On change gear lathes, there are holes there for the lead screw support bracket.


----------



## wa5cab (Jun 28, 2017)

Right.  Same bed part number must be used for both Change Gear and Quick Change models.


----------



## Flyrod (Jun 28, 2017)

to be clear...this is not at the far right end of the bed where part number 4 in the below is indicated - this is in the opposite corner - on my set up, the lead screw enters the quick change gear box at the top right side, slides through a oilite bushing and terminates in a small gear with a hex screw capping it - it does not reach any where close to the back corner of the lathe bed??


----------



## Nogoingback (Jun 28, 2017)

I meant the left (headstock) end of the bed.  Change gear lathes have support brackets for the lead screw at both ends.  Looks like this:


----------



## wa5cab (Jun 28, 2017)

Given that many of the lathes that get discussed here were built only as Change Gear machines for several years before the first QCGB models appeared, it is not at all unusual for the Change Gear lead screws to be a little or a lot longer than the QC lead screws.  As you can see in NO's photo, the left carrier bearing for the Change Gear version is right at the left end of the bed.


----------



## Flyrod (Jun 28, 2017)

thanks Robert

spoke to Logan on this one - the model without a gear box has, as you guys rightly pointed out, another bracket on the LH side (mirroring the RH end) with a support bracket for the lead screw...which would go the full length on such a model)

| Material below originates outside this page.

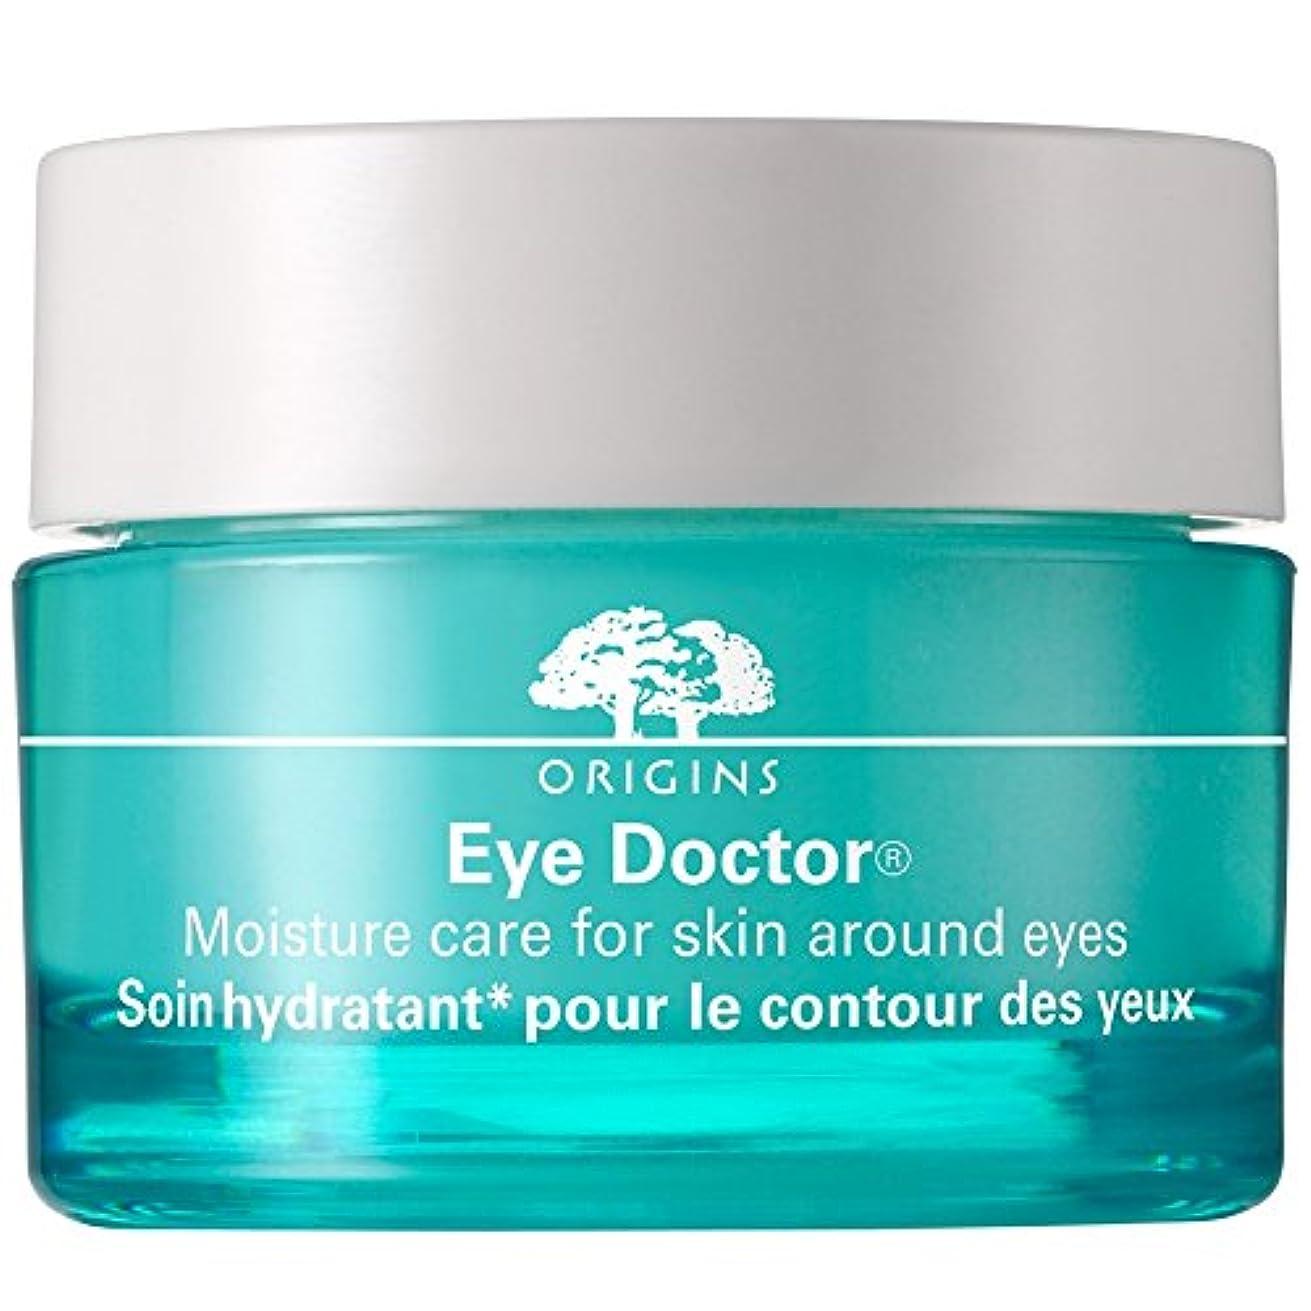 持つ偏心不十分な目の15ミリリットルの周りの肌のための水分ケアDoctor?起源目 (Origins) (x6) - Origins Eye Doctor? Moisture Care For Skin Around Eyes 15ml...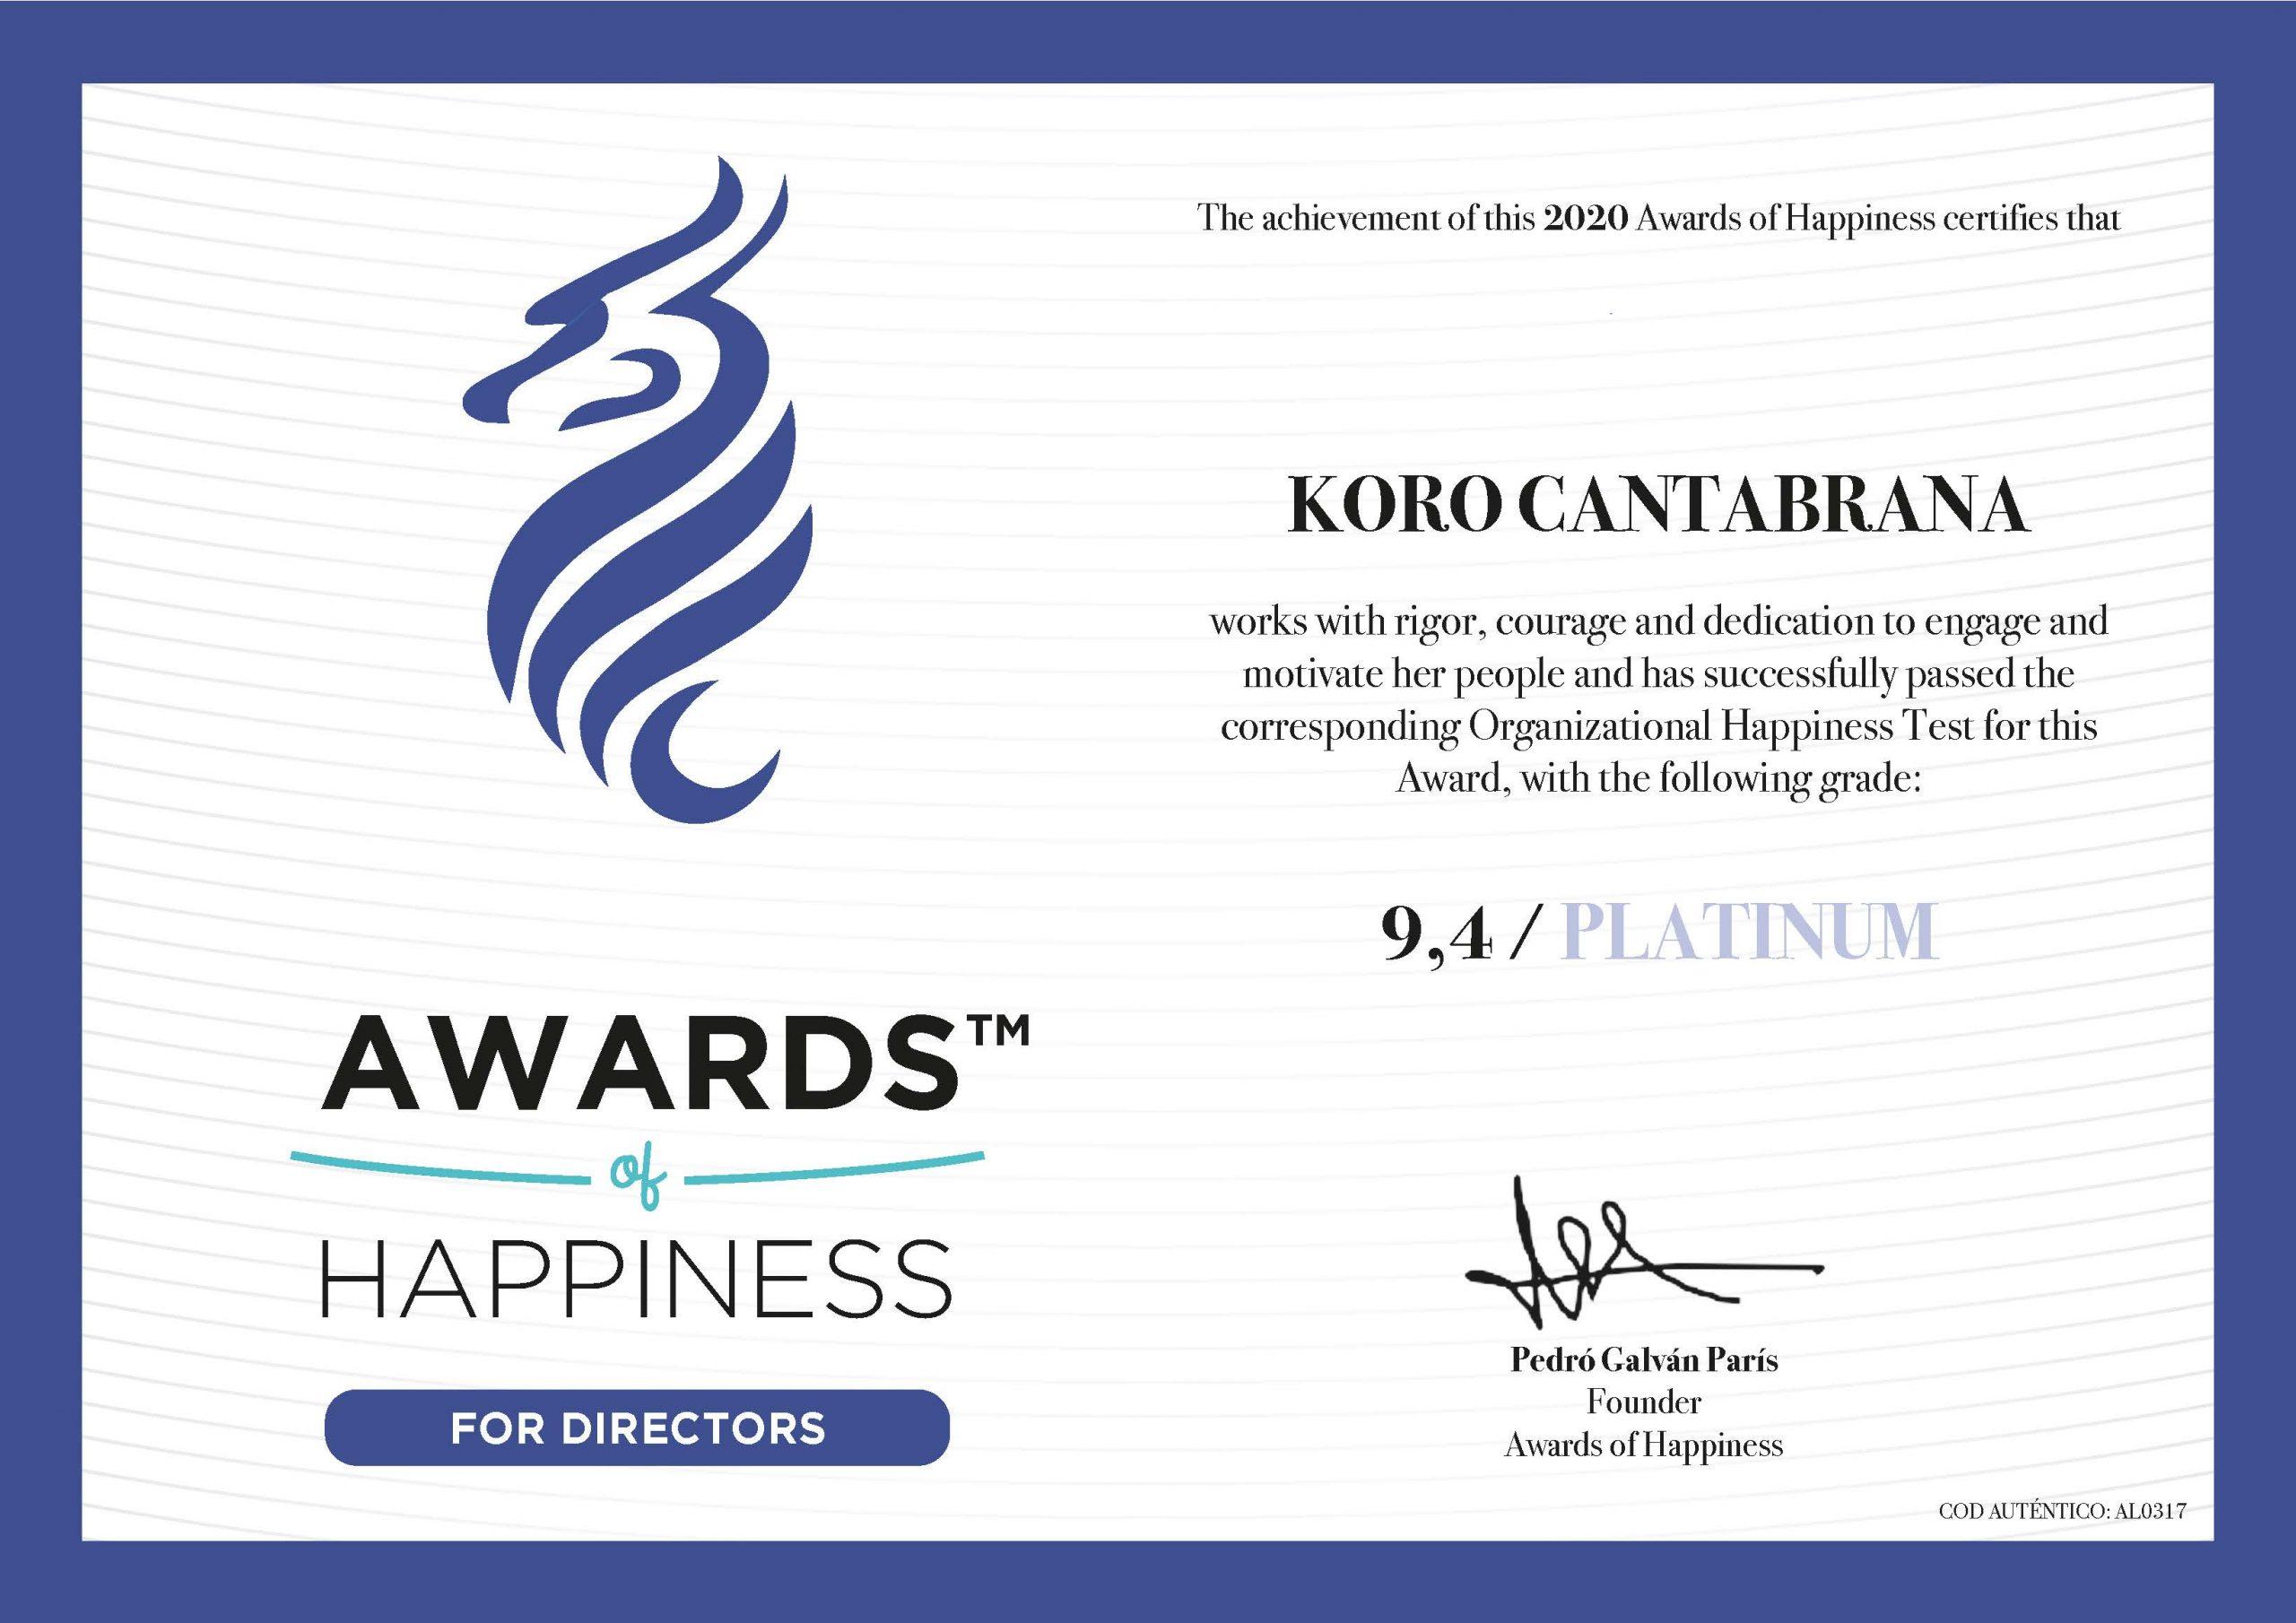 Koro Cantabrana Awards of Happyness Director

so just like the photo NGB posted (thanks for that!)

all beds got drilled for this

if a gear box was installed, it went on and covered these holes up

mystery solved

thanks again!


----------



## wa5cab (Jun 28, 2017)

OK.  I'm glad that worked out so easily.  When you are putting something back together, unused holes have to be second only to left-over parts on the worrisome scale!


----------



## Mr Mike (Sep 13, 2017)

Lol I had the same exact thought about those two threaded holes, when I was inspecting my lathe bed last week...  I was getting the bed  ready for its electrolysis bath, I didn't remember seeing them during disassembly so I went back and check my photos. The 2 holes just showed up after removing the quick change gear assembly In my photos - Really glad I take photos at different angles while I strip down machines... You can never have too many photos.
Glade you solved your fear of the Extra Holes...


----------